Of the records that follow, copy only the lines from the line containing "Unbekannt TakaraTomy Kreisel" to the line containing "Review 2015 Audi", both included, exactly as written.

> [DATA TO PROCESS]
__________

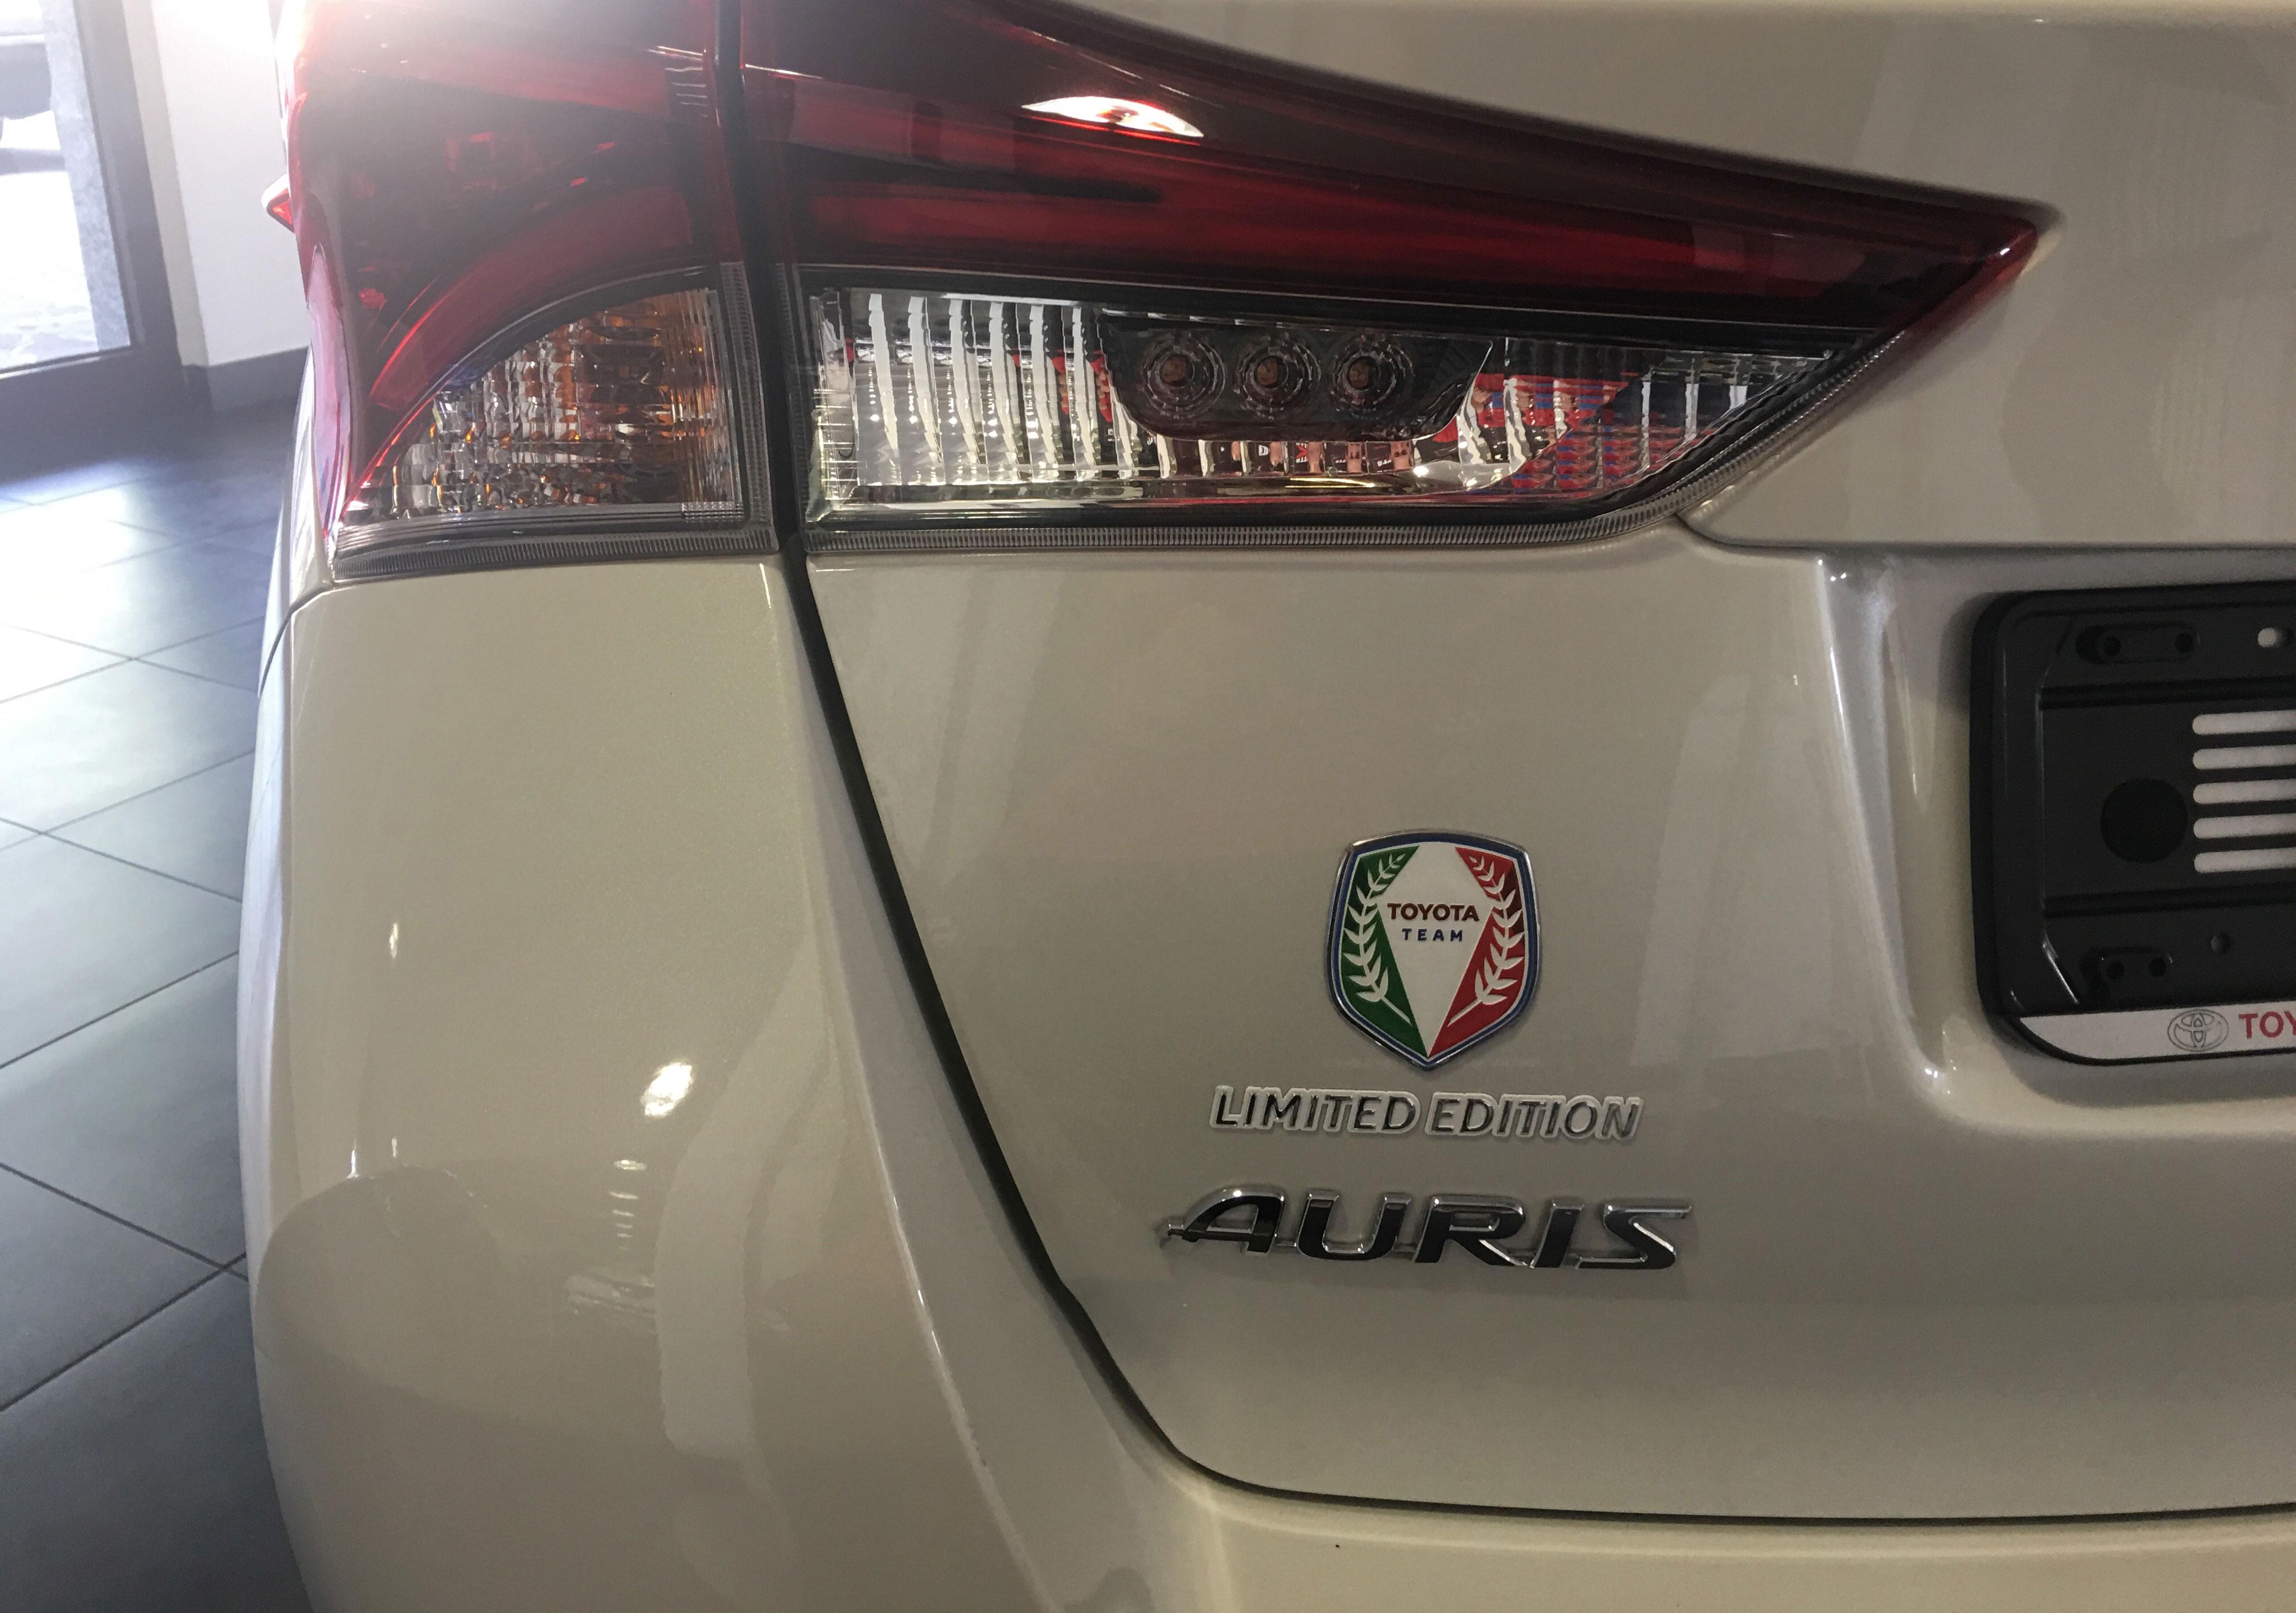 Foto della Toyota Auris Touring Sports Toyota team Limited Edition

__________

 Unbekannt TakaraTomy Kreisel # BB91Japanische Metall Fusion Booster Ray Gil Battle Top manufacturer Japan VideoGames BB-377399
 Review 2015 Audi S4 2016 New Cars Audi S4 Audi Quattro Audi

__________

> [TASK RESPONSE]
 Unbekannt TakaraTomy Kreisel # BB91Japanische Metall Fusion Booster Ray Gil Battle Top manufacturer Japan VideoGames BB-377399
 Review 2015 Audi S4 2016 New Cars Audi S4 Audi Quattro Audi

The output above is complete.